Random Network Distillation Based Deep Reinforcement Learning for AGV Path Planning

Huilin Yin,Shengkai Su,Yinjia Lin,Pengju Zhen,Karin Festl,Daniel Watzenig
2024-04-19
Abstract:With the flourishing development of intelligent warehousing systems, the technology of Automated Guided Vehicle (AGV) has experienced rapid growth. Within intelligent warehousing environments, AGV is required to safely and rapidly plan an optimal path in complex and dynamic environments. Most research has studied deep reinforcement learning to address this challenge. However, in the environments with sparse extrinsic rewards, these algorithms often converge slowly, learn inefficiently or fail to reach the target. Random Network Distillation (RND), as an exploration enhancement, can effectively improve the performance of proximal policy optimization, especially enhancing the additional intrinsic rewards of the AGV agent which is in sparse reward environments. Moreover, most of the current research continues to use 2D grid mazes as experimental environments. These environments have insufficient complexity and limited action sets. To solve this limitation, we present simulation environments of AGV path planning with continuous actions and positions for AGVs, so that it can be close to realistic physical scenarios. Based on our experiments and comprehensive analysis of the proposed method, the results demonstrate that our proposed method enables AGV to more rapidly complete path planning tasks with continuous actions in our environments. A video of part of our experiments can be found at
Robotics,Artificial Intelligence,Machine Learning
What problem does this paper attempt to address?

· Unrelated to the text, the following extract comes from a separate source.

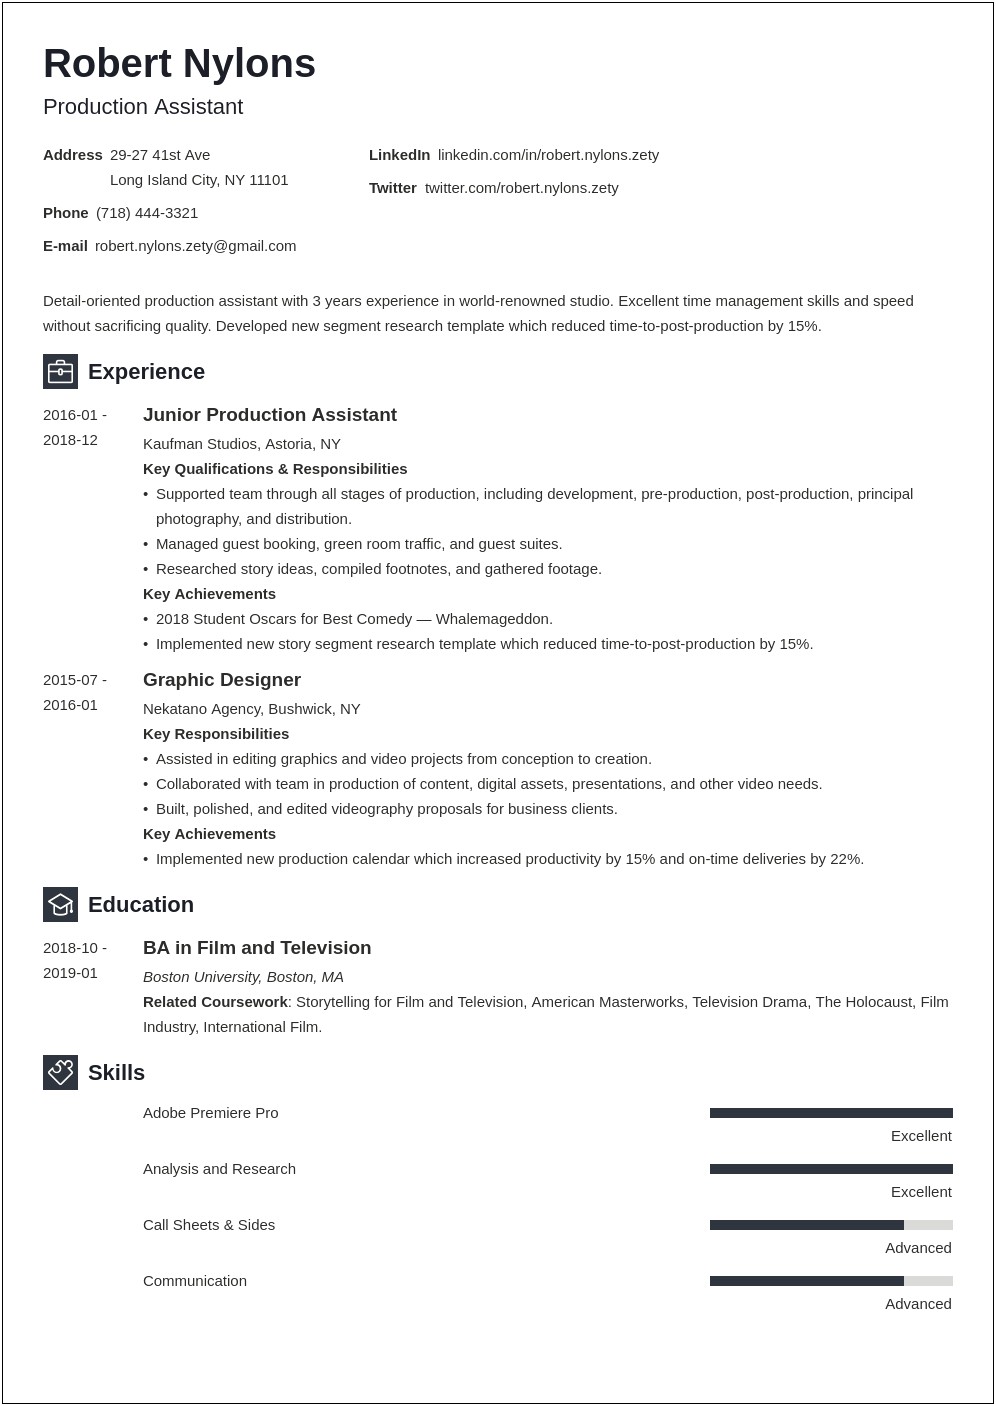 Resume Objectives For Film Production Assistant

The paper aims to solve the path planning problem of Automated Guided Vehicles (AGVs) in complex dynamic environments. Current methods have low learning efficiency and slow convergence in sparse reward environments. The researchers propose a Deep Reinforcement Learning (DRL) method called RND-PPO based on Random Network Distillation (RND) to enhance the exploration performance of the Proximal Policy Optimization (PPO) algorithm, especially in reward-sparse environments. In most existing research, path planning experiments of AGVs are usually conducted in 2D grid mazes, which are insufficient to simulate the complexity and action set of real environments. Therefore, the paper constructs an AGV path planning simulation environment with continuous actions and positions, which is closer to real physical scenarios. RND-PPO improves the learning effectiveness of the agent (AGV) in sparse reward environments by adding intrinsic rewards, allowing the AGV to complete tasks with continuous actions faster. The experimental results show that the RND-PPO method can efficiently and stably complete path planning tasks in complex environments, especially in the presence of dynamic targets, compared to AGVs using only PPO. Through intrinsic rewards, RND-PPO promotes the exploration of the entire environment by the AGV, rather than just finding a single reward target, thus adapting to changes in the external environment. In conclusion, the paper proposes a novel AGV path planning method combining RND, which improves the efficiency of path planning in complex dynamic environments.